Two days after the Russian invasion, Kijas, the music librarian at Tufts University, called for a “data rescue session.” She had already planned to attend a virtual conference on March 5 for digital humanists and saw an opportunity to help Ukrainians.
Kijas wondered what she could do as a librarian familiar with digital tools. She had a list of specific libraries and archives in Ukraine with unique music collections. She decided she could help find these items and digitally archive the web pages.
Kijas’ tweet caught the attention of Dombrowski and his colleague Majstorovic. The two approached Kijas with an idea: what if they saved more than music collections – and did it at a faster rate?
Initially, the team planned to use the Internet Archive’s Wayback Machine to record information, but the Wayback Machine has a “shallow crawl of web pages,” Kijas said. The machine can only record the first or second layer of a website. More complex functionality, such as interactive features and scripted code, may be lost.
To counter this problem, Majstorovic suggested the team use Webrecorder, an open-source tool that can drill down seven or eight layers into a website and capture some of the most complex media. The open source nature of the tool also meant that volunteers could directly edit the code and modify the tool to their specific needs.
“From there, once we started promoting our project and getting a lot of volunteers, people started asking, ‘Okay, what other tools can we use?'” Kijas said. . “We don’t have a budget either, do we? So we only do this as volunteers, and everyone who helps is a volunteer.
Browsertrix Crawler is another popular tool among volunteers and is particularly useful for capturing websites with more advanced features such as 3D tours and timelines. Bucknell University librarian Carrie Pirmann, who has described herself as “reasonably tech-savvy”, installed the tool on her home and work computer in early March. In her office, she will frequently run the crawler on her computer in the background while she works on other tasks – she has since crawled over 300 websites.
“That’s kind of where my library and detective skills really came into play,” Pirmann said. “I don’t speak Ukrainian. I don’t read Cyrillic.
Pirmann is also part of the Situation Monitoring team, where she uses Google Maps and library directories to identify heritage websites that may need archiving. One of Pirmann’s favorite websites that she has archived is the public library in a small town in Ukraine called Bohodukiv — which shares a sister city relationship with Pirmann’s hometown of Boyerton, Pennsylvania.
“I kind of started calling them digital scrapbooks,” Pirmann said, explaining that these libraries not only have information about their library and book collections, but also extensive photo albums of events at the lineup. for children. Pirmann hopes to one day return this website to the library.
“Maybe people can find pictures of their children. It may be one of the few places where if your apartment or house was bombed and you lost everything, you might still be able to go back to that archive and find a picture or two of your children,” said Pirmann. .
Web crawling is not the only part of the archiving process. The production of metadata is another important part. Kim Martin, assistant professor of history and cultural and technological studies at the University of Guelph, works for the metadata team. When an item is uploaded to the Internet Archive machine, it produces basic metadata such as a title, description, and URL. However, metadata is not limited to this information.
“So we not only needed the URL of a JPEG image, but we needed to show which page was linked from, we needed to give it context,” Martin explained. The team now has 16 metadata fields that they populate regularly, making conscious decisions about whether to populate metadata fields in English, Ukrainian, or Russian.

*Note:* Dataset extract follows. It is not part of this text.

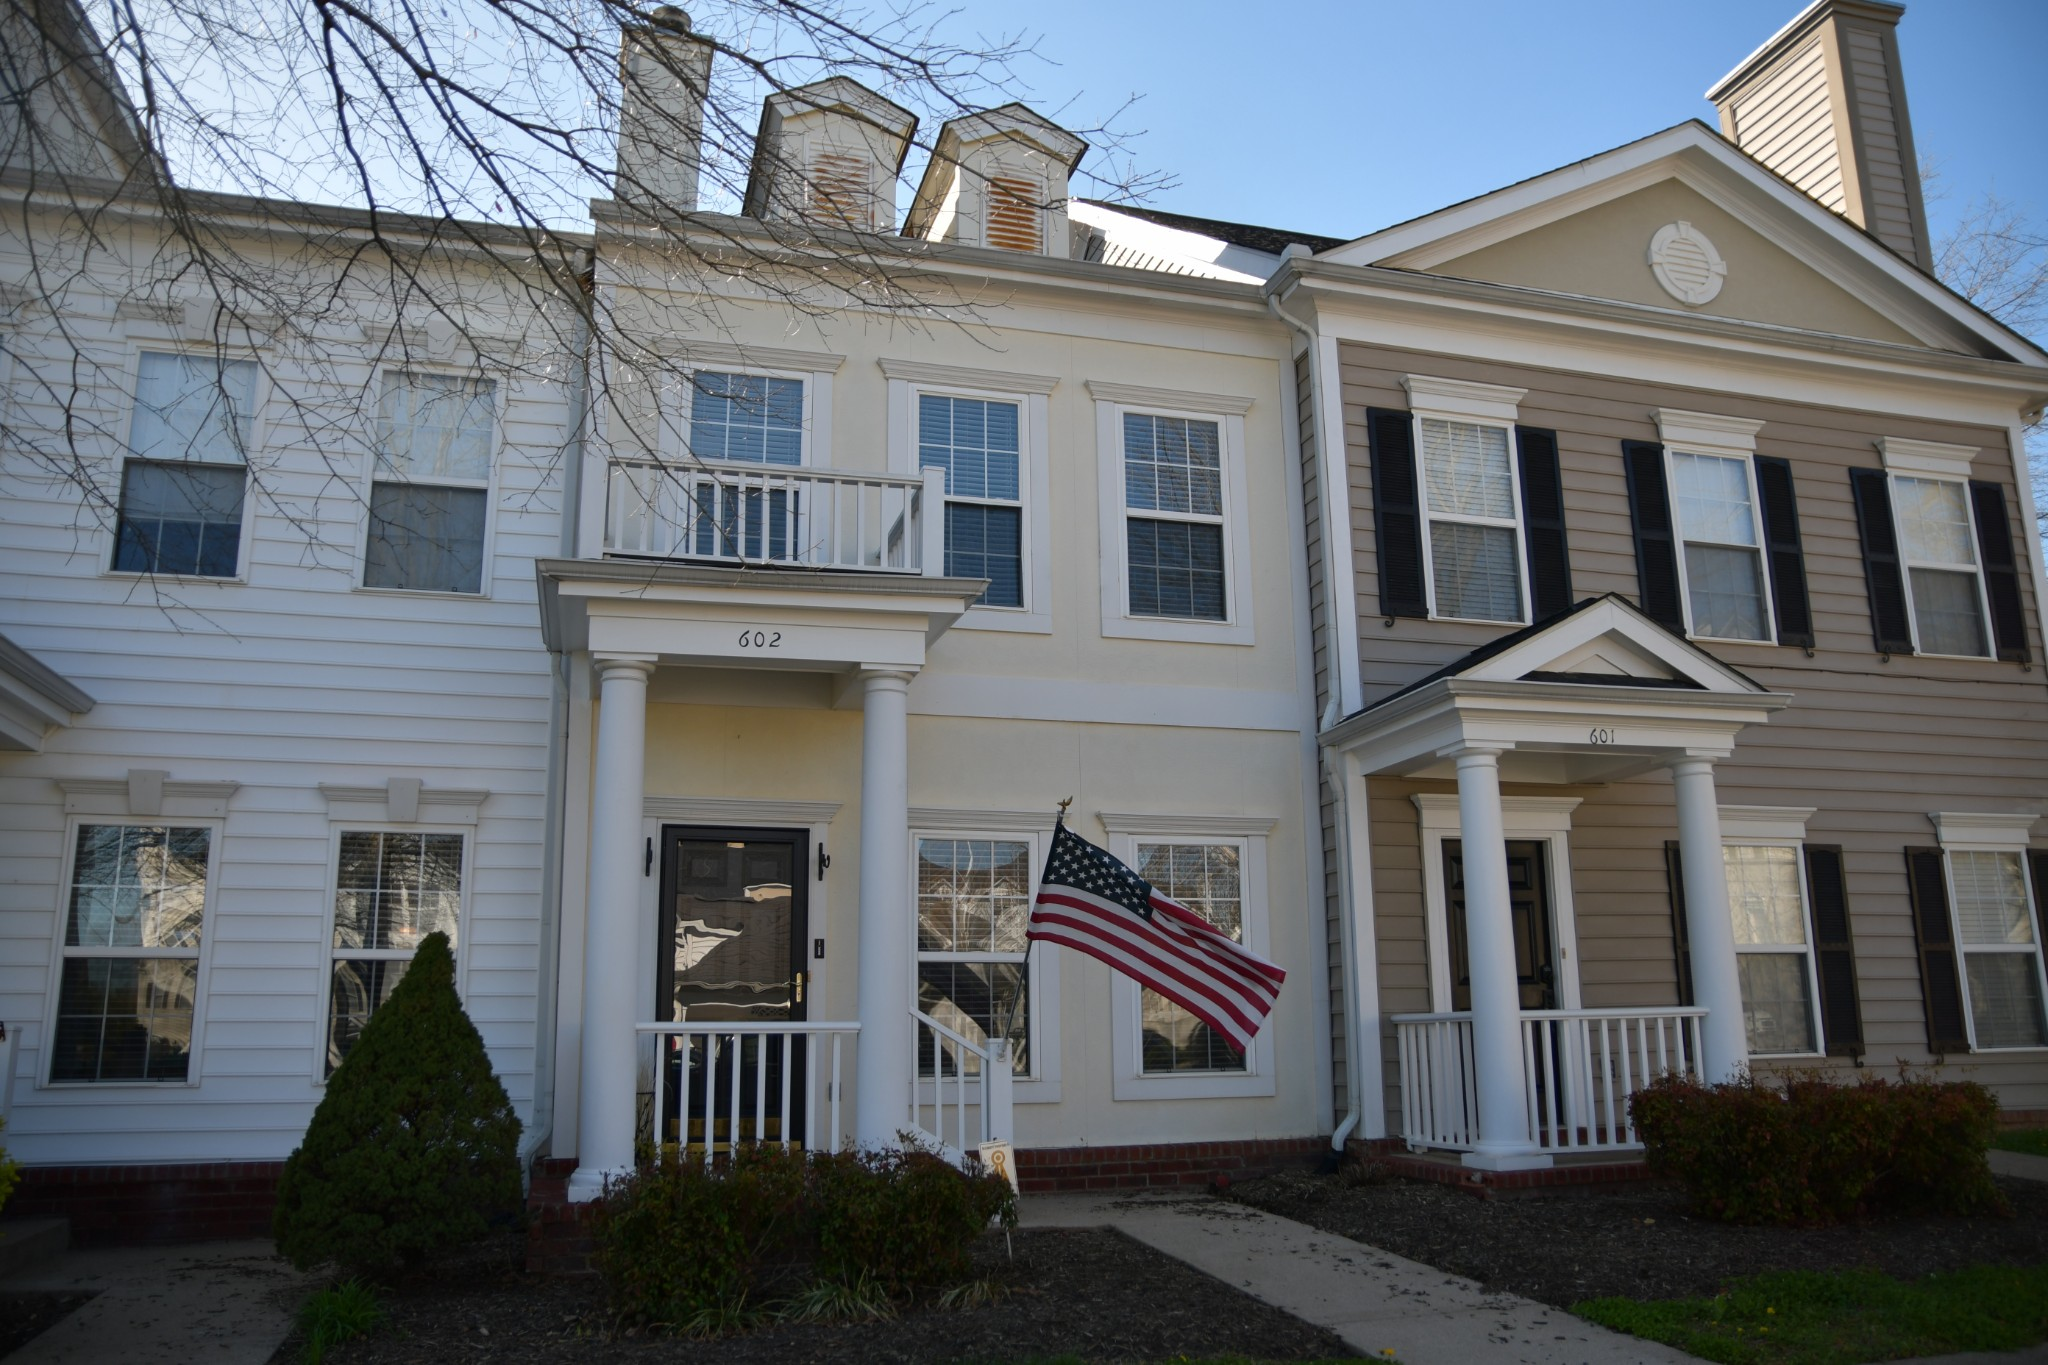 4316 Summercrest Blvd #602 Property Photo - Antioch, TN real estate listing

“We all learn from each other and really take on tasks and move forward as a group, which is quite interesting because none of us knew each other. [before]”, said Martin.
From Lewisburg, Pennsylvania, to Vienna, Austria, SUCHO volunteers coordinate all of their work through a Slack channel. There’s never a dull moment in Slack, with different channels ranging from rapid response teams to channels just for sending memes.
“Someone found a Wild West restaurant in Ukraine that had the most fanciful description of cheese sticks as sheriff’s snacks, and almost like a micro-story in the description of the cheese sticks menu,” Dombrowski recalls. It is these little moments that help support SUCHO volunteers in their work.